Mestrado em Engenharia Informática - Área de Especialização em Tecnologias do Conhecimento e Decisão

Relevância:

90.00% 90.00%

Publicador:

Resumo:

This paper presents the Realistic Scenarios Generator (RealScen), a tool that processes data from real electricity markets to generate realistic scenarios that enable the modeling of electricity market players’ characteristics and strategic behavior. The proposed tool provides significant advantages to the decision making process in an electricity market environment, especially when coupled with a multi-agent electricity markets simulator. The generation of realistic scenarios is performed using mechanisms for intelligent data analysis, which are based on artificial intelligence and data mining algorithms.
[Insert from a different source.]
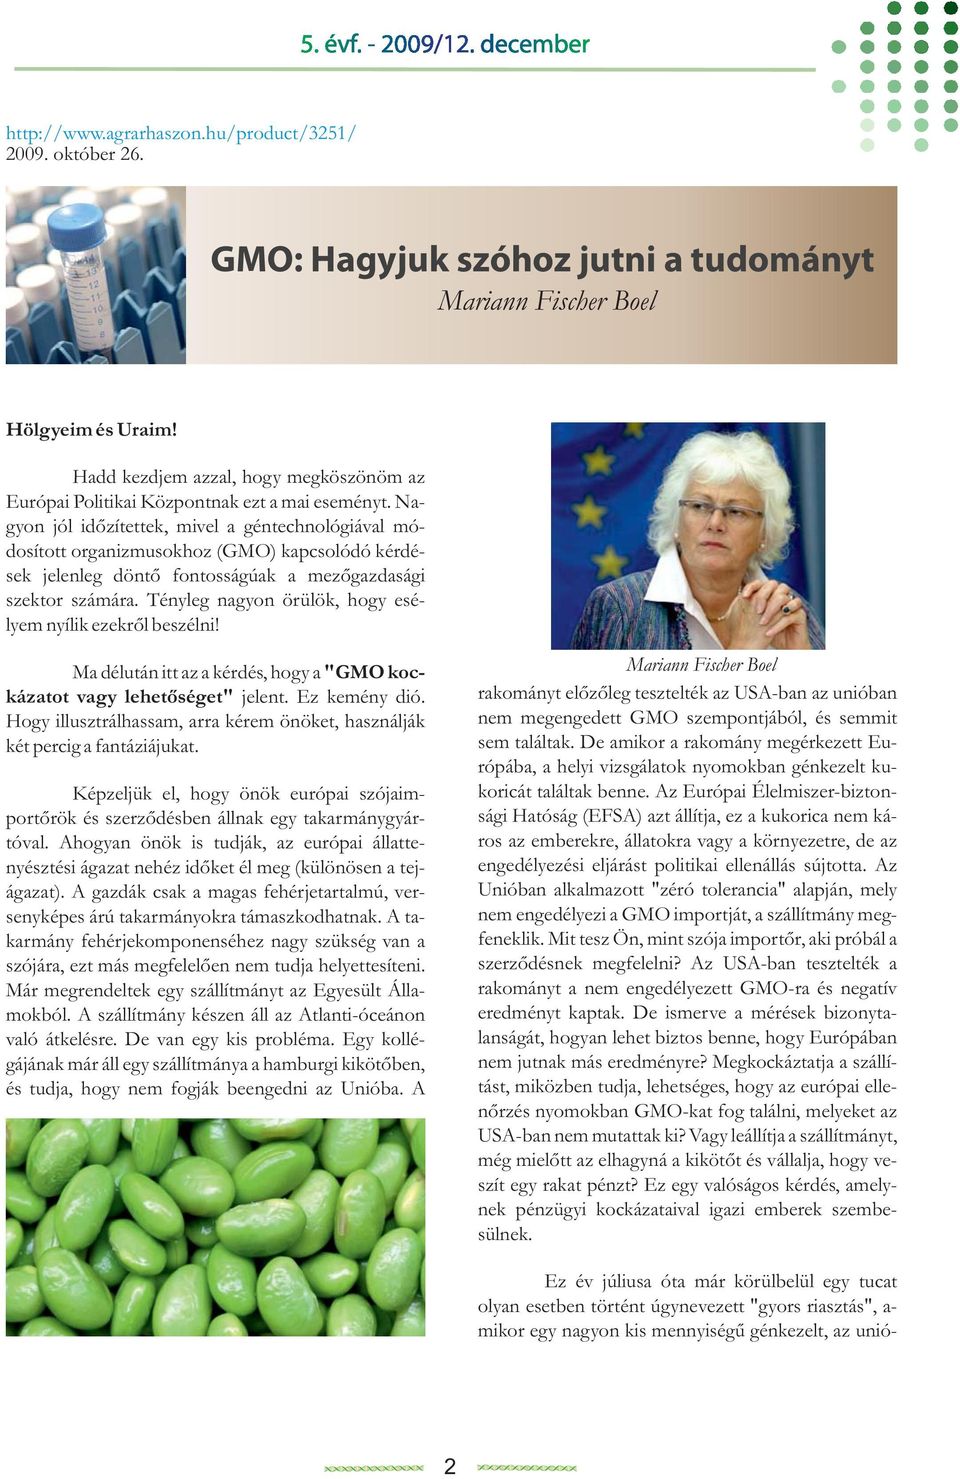 Na- gyon jól időzítettek, mivel a géntechnológiával módosított organizmusokhoz (GMO) kapcsolódó kérdések jelenleg döntő fontosságúak a mezőgazdasági szektor számára.

These techniques allow the study of realistic scenarios, adapted to the existing markets, and improve the representation of market entities as software agents, enabling a detailed modeling of their profiles and strategies. This work contributes significantly to the understanding of the interactions between the entities acting in electricity markets by increasing the capability and realism of market simulations.

Relevância:

90.00% 90.00%

Publicador:

Resumo:

A thesis submitted in partial fulfilment of the requirements for the degree of Doctor of Philosophy in Information Systems.

Relevância:

90.00% 90.00%

Publicador:

Resumo:

Harnessing idle PCs CPU cycles, storage space and other resources of networked computers to collaborative are mainly fixated on for all major grid computing research projects. Most of the university computers labs are occupied with the high puissant desktop PC nowadays. It is plausible to notice that most of the time machines are lying idle or wasting their computing power without utilizing in felicitous ways. However, for intricate quandaries and for analyzing astronomically immense amounts of data, sizably voluminous computational resources are required. For such quandaries, one may run the analysis algorithms in very puissant and expensive computers, which reduces the number of users that can afford such data analysis tasks. Instead of utilizing single expensive machines, distributed computing systems, offers the possibility of utilizing a set of much less expensive machines to do the same task. BOINC and Condor projects have been prosperously utilized for solving authentic scientific research works around the world at a low cost. In this work the main goal is to explore both distributed computing to implement, Condor and BOINC, and utilize their potency to harness the ideal PCs resources for the academic researchers to utilize in their research work. In this thesis, Data mining tasks have been performed in implementation of several machine learning algorithms on the distributed computing environment.